Banana paper is a type of paper created from banana plant bark or banana peel fibers. Banana paper has a lower density, higher stiffness, higher disposability, higher renewability, and higher tensile strength compared to traditional paper. These qualities are due to the cellular composition of banana fiber, which consists of cellulose, hemicellulose, and lignin.

During the manufacturing process of banana paper, the fibers are ground until they appear similar to saw dust. Then, the fiber is washed to remove natural resins to create agricultural fiber. If the natural resins are not washed away, these resins would take away from the integrity of the paper. The process of pulping produces pulp to be used in the manufacturing of paper. This pulp is used to create post-consumer fiber (processed fiber). The post consumer fiber is combined with the agricultural fiber to make banana paper.

Development 
The earliest evidence of the use of banana stems as a source of fiber dates back to 13th century Japan. However, its popularity declined with the upsurge of silk and cotton fibers imported from China and India.

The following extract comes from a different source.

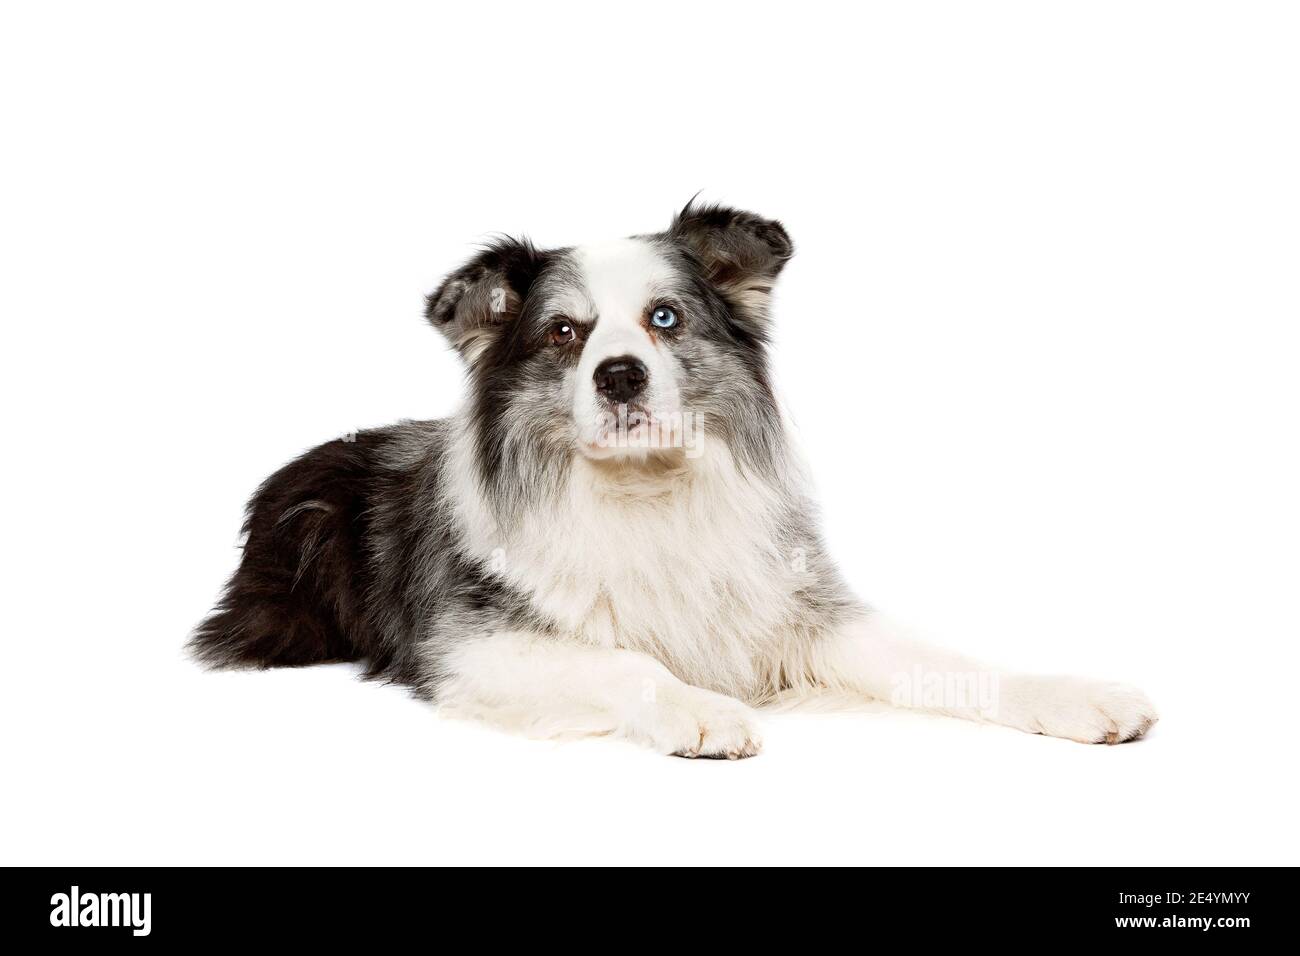 old blue merle border collie dog in front of a white background Stock Photo

Banana paper was first patented in the United States on March 16, 1912 by Charles M. Taylor and Howard Kay Cook. They both learned that cellulose fiber can be easily removed from the waste of the banana plant, and that the fiber is well adapted to making durable paper. Taylor and Cook applied for the patent on March 16, 1912. The application was granted on May 2, 1916, and they received a lifetime patent. The patent is now expired.

Properties 
Raw banana paper has a coarse surface due to the presence of hemicellulose, lignin, and other waxy components in the fiber. Hemicellulose is located between and within the cellulose fibrils and is incorporated into the cellulose structure. The fiber or pulp with high hemicellulose content has a high maximum tensile strength and a low maximum tear index. The cellulosic fibers enclose the outside of cellulose fibers, acting as natural binders. Long wrapped fiber bundles are a key component of banana paper. Length is also a significant fiber property, as longer fibers contain more fiber joints. These fiber joints contribute to a stronger network of fibers. Long fiber manufactured papers usually have better strength properties than short fiber manufactured papers.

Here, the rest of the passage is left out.